図2:二次性変異が無移植生存率に及ぼす影響

今後の展開

 今回の成果によって、JMMLの患者さんの症例に応じて同種造血幹細胞を移植する必要があるか否かを予測し、治療する道が拓けます。これは、JMMLの移植適応を検討するうえで、大きな意義を持ちます。

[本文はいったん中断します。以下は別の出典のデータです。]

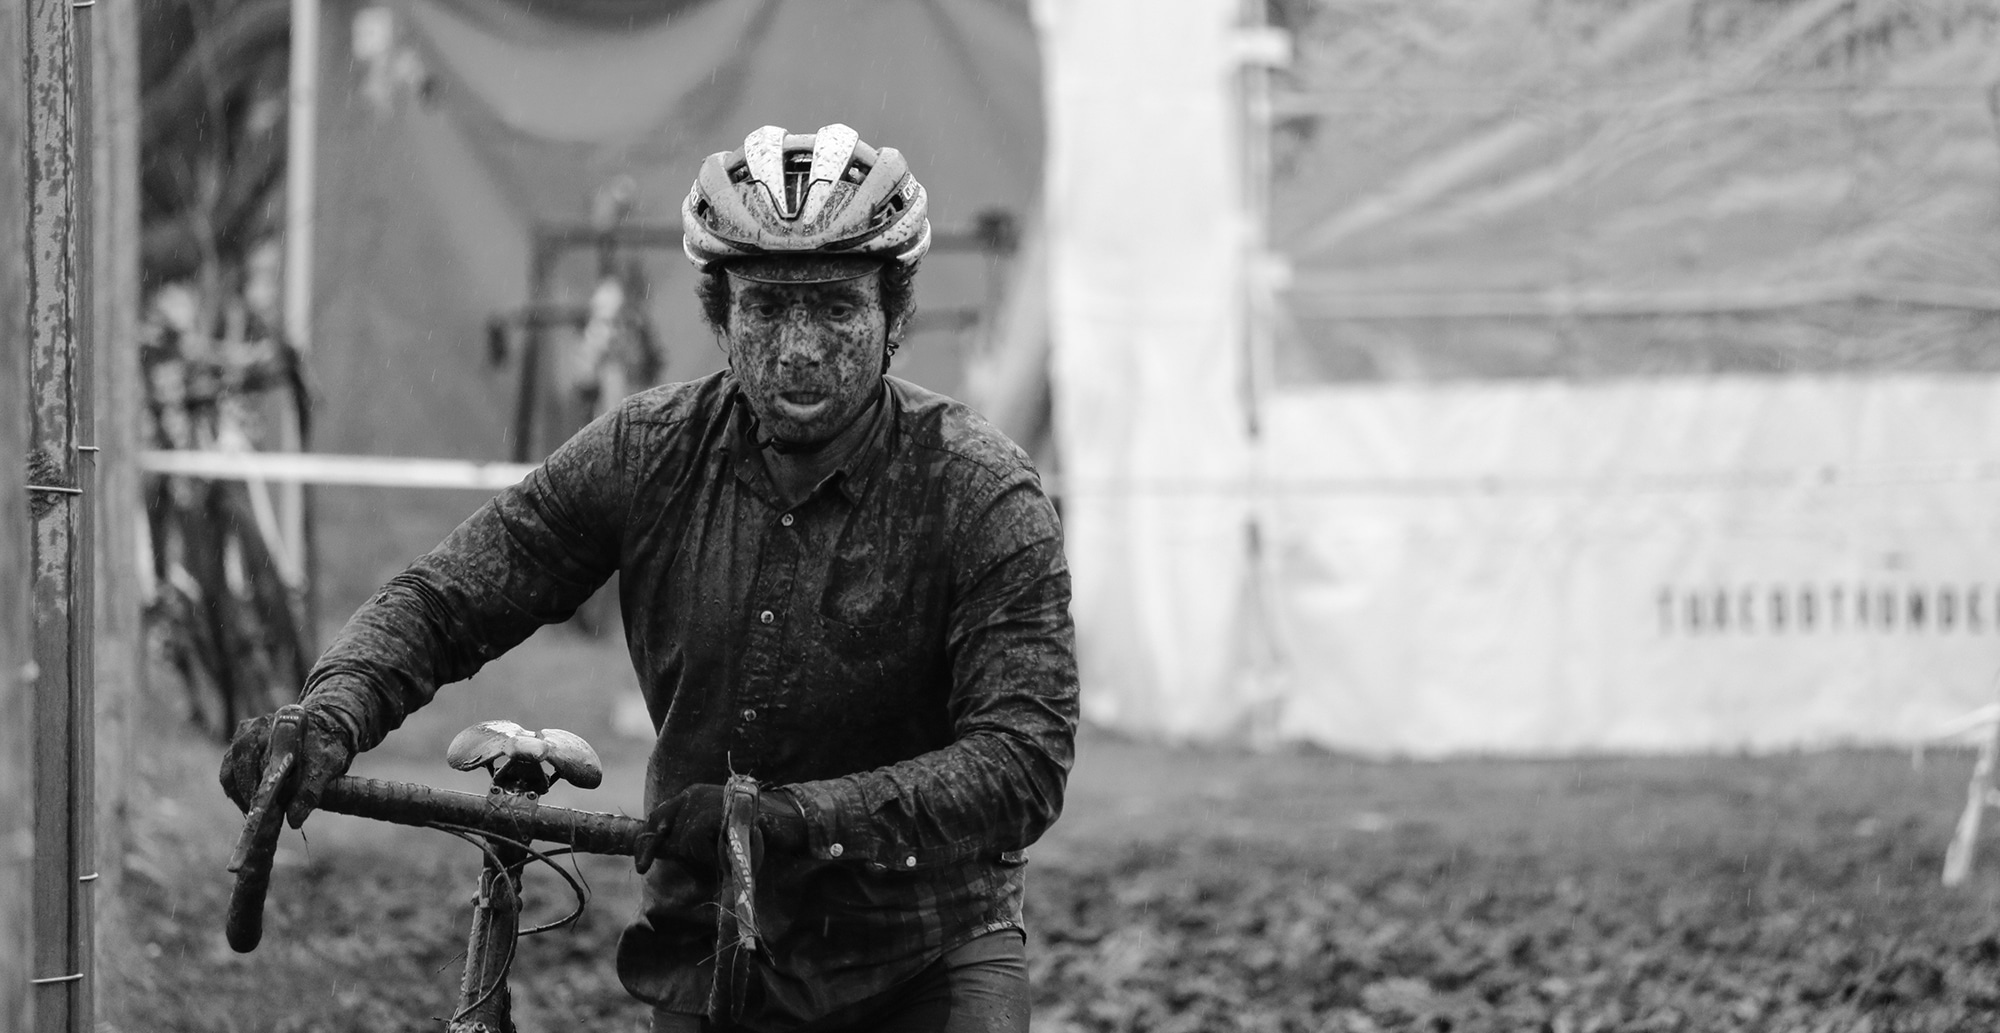 Muddy rider with cyclocross bike

また、新規の遺伝子異常が判明したことで、これらの遺伝子を標的にした新たな治療法の開発が期待できます。

用語解説

全エクソンシーケンス

ヒトのすべての遺伝子のうち、タンパク質をコードする領域(エクソン)の配列を抽出し、その塩基配列を高速に決定する方法

書誌情報

[DOI] http://dx.doi.org/10.1038/ng.2698

掲載誌

Nature Genetics, 2013/07/07/online

著者

Sakaguchi Hirotoshi, Okuno Yusuke, Muramatsu Hideki, Yoshida Kenichi, Shiraishi Yuichi, Takahashi Mariko, Kon Ayana, Sanada Masashi, Chiba Kenichi, Tanaka Hiroko, Makishima Hideki, Wang Xinan, Xu Yinyan, Doisaki Sayoko, Hama Asahito, Nakanishi Koji, Takahashi Yoshiyuki, Yoshida Nao, Maciejewski Jaroslaw P, Miyano Satoru, Ogawa Seishi, Kojima Seiji.

論文名

Exome sequencing identifies secondary mutations of SETBP1 and JAK3 in juvenile myelomonocytic leukemia
(全エクソンシーケンスによる若年性骨髄単球性白血病における2次変異としてのSETBP1およびJAK3遺伝子変異の同定)

 

  • 中日新聞(7月8日 29面)、日刊工業新聞(7月8日 15面)および読売新聞(7月14日 29面)に掲載されました。